## What the exercise asks
Using the records below, output the stretch that opens with the line containing "Modern Summer Vacation" and closes with the line containing "Grand D'Or (Grandeur)", exactly and including both lines, with nothing more.

## Source records
- - - - -

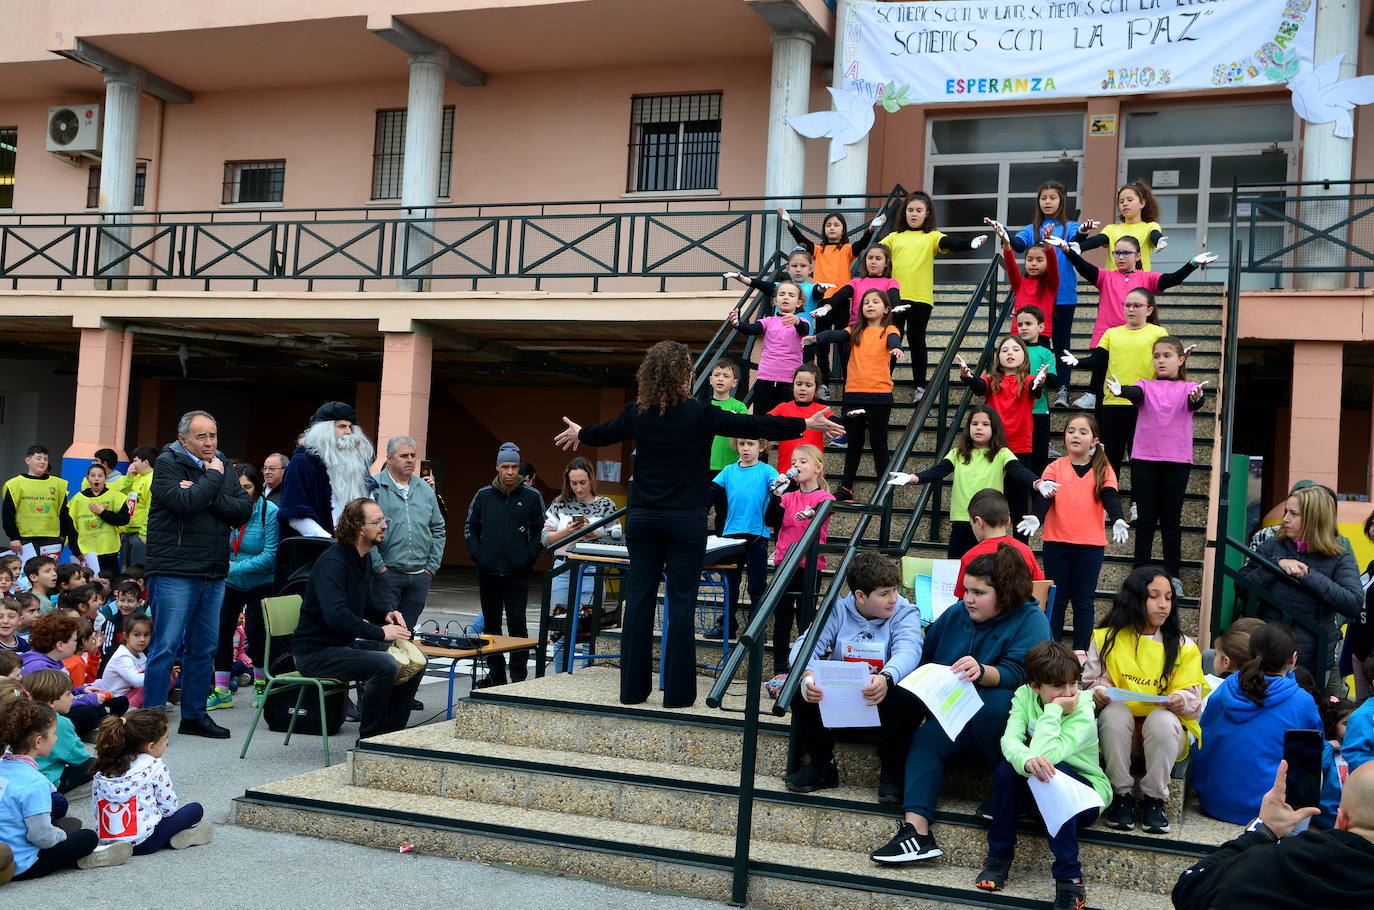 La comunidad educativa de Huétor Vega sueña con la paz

- - - - -

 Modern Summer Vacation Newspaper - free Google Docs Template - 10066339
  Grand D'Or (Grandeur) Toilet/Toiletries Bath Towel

- - - - -

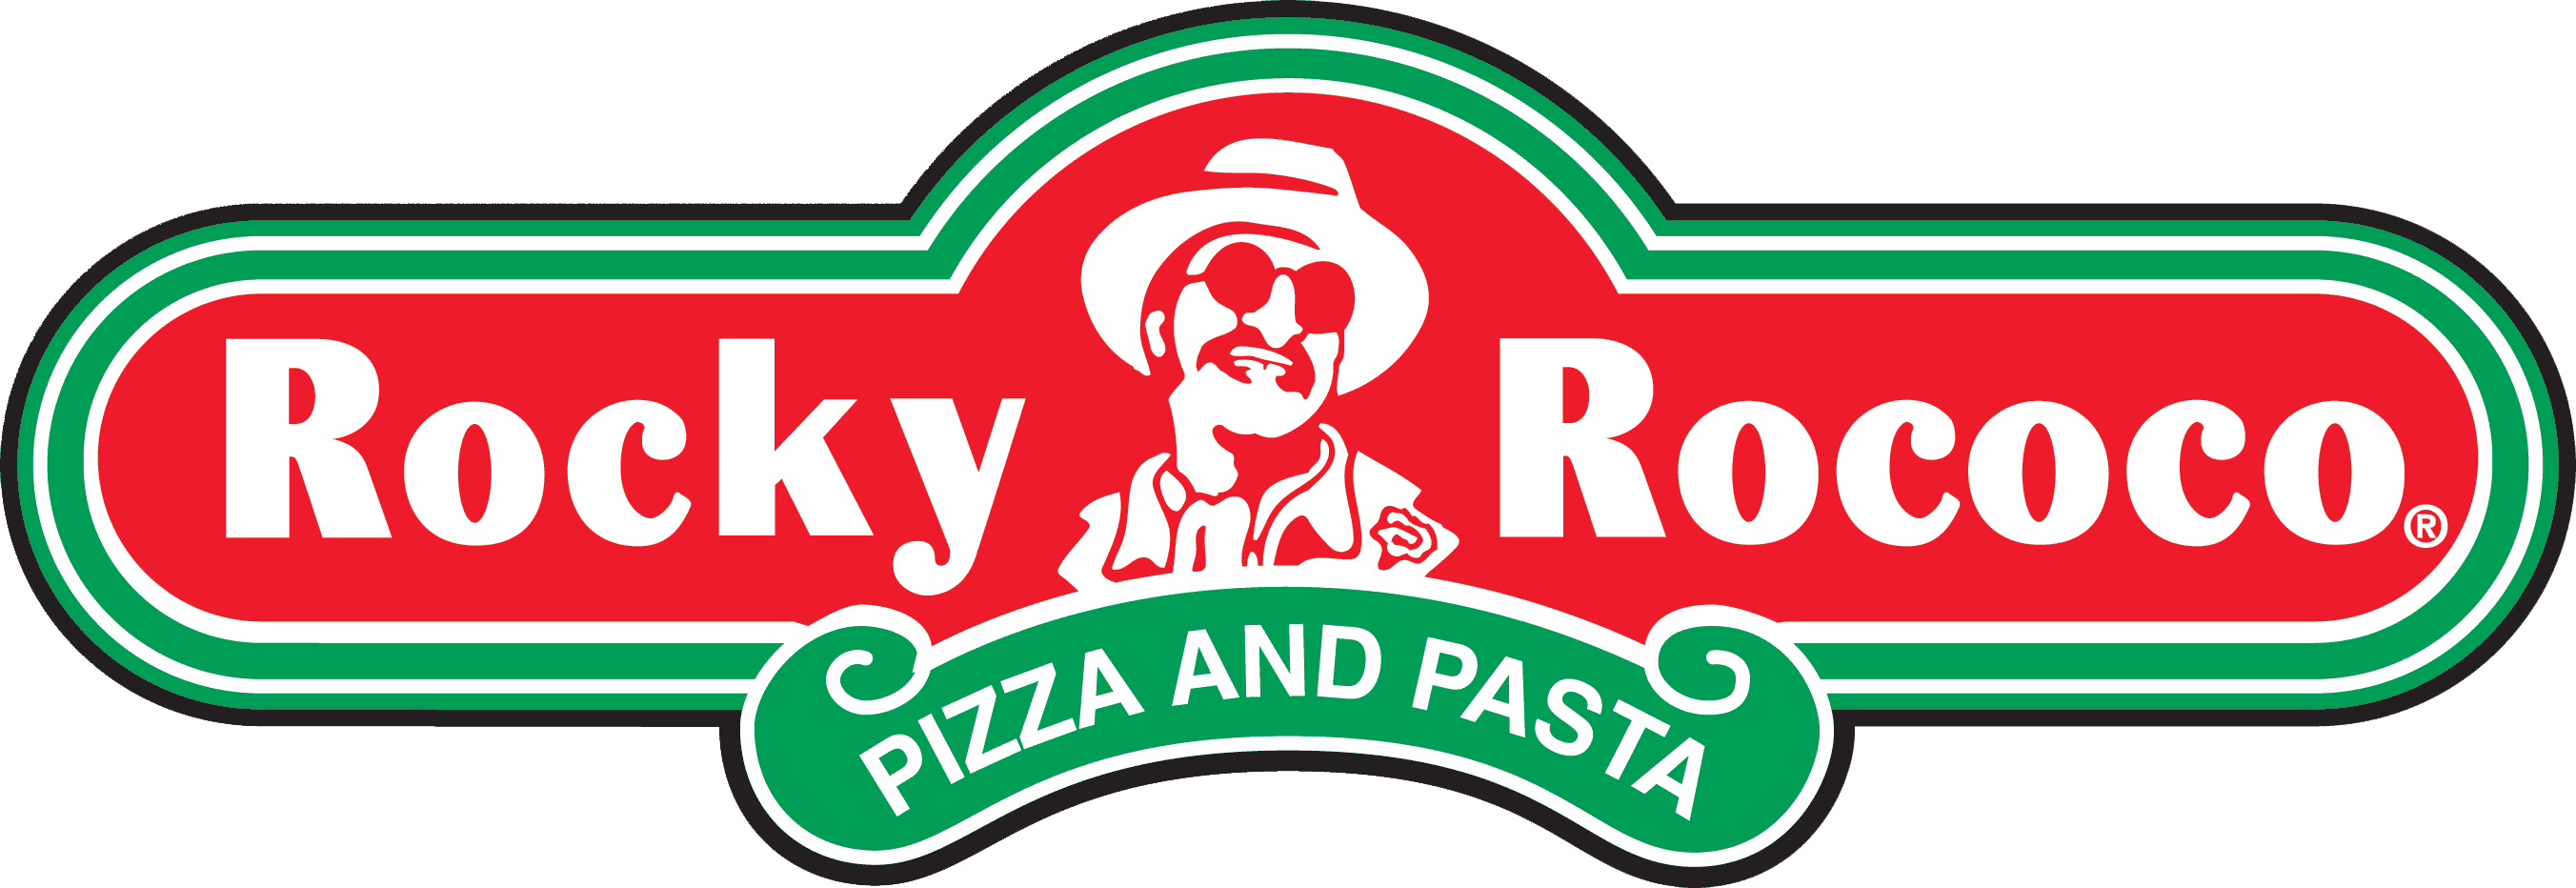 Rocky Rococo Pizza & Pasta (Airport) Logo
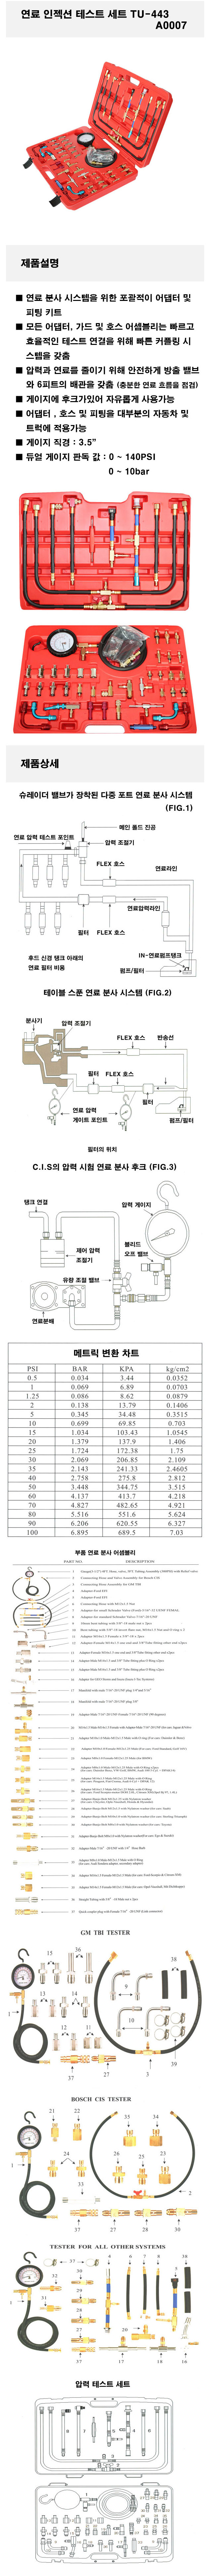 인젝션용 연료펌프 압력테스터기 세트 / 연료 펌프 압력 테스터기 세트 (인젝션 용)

- - - - -

## Result for this task
 Modern Summer Vacation Newspaper - free Google Docs Template - 10066339
  Grand D'Or (Grandeur) Toilet/Toiletries Bath Towel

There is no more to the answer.